Saved entries
══════

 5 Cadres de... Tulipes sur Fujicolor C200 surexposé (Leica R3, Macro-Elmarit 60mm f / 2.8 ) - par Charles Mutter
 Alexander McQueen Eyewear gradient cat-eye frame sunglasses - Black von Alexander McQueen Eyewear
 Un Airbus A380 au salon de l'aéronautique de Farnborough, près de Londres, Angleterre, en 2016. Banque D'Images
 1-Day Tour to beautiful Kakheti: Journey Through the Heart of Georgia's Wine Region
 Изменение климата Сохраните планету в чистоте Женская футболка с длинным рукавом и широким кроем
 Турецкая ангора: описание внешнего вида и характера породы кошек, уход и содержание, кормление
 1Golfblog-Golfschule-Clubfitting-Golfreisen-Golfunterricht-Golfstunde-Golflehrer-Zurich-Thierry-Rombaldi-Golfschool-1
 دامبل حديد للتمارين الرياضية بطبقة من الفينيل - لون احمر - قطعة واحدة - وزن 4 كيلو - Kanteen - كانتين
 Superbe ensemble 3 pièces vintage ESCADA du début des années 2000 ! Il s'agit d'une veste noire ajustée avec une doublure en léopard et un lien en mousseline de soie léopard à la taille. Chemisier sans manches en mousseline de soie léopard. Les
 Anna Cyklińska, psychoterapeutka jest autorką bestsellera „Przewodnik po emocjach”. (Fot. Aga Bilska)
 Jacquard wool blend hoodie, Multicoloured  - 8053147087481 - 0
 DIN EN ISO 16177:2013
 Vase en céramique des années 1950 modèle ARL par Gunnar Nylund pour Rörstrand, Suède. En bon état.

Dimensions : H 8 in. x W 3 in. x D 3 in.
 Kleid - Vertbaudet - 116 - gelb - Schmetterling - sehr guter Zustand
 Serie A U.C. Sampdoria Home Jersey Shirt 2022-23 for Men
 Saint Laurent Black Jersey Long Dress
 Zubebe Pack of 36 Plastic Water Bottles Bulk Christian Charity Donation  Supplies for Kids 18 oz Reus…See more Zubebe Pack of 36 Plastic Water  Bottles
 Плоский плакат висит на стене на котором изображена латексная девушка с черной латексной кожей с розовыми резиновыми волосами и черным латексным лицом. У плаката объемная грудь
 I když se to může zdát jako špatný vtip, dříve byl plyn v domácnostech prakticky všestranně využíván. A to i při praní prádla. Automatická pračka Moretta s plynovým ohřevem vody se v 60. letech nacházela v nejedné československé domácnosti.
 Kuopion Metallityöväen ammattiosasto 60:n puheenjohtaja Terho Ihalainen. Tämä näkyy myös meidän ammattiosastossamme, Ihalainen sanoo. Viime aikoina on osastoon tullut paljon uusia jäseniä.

══════

#### WORK INSTRUCTIONS
From the records above, give again exactly the lines running from the line with "Un Airbus A380" to the line with "دامبل حديد للتمارين", inclusive.

#### SOLUTION TO THE EXERCISE
 Un Airbus A380 au salon de l'aéronautique de Farnborough, près de Londres, Angleterre, en 2016. Banque D'Images
 1-Day Tour to beautiful Kakheti: Journey Through the Heart of Georgia's Wine Region
 Изменение климата Сохраните планету в чистоте Женская футболка с длинным рукавом и широким кроем
 Турецкая ангора: описание внешнего вида и характера породы кошек, уход и содержание, кормление
 1Golfblog-Golfschule-Clubfitting-Golfreisen-Golfunterricht-Golfstunde-Golflehrer-Zurich-Thierry-Rombaldi-Golfschool-1
 دامبل حديد للتمارين الرياضية بطبقة من الفينيل - لون احمر - قطعة واحدة - وزن 4 كيلو - Kanteen - كانتين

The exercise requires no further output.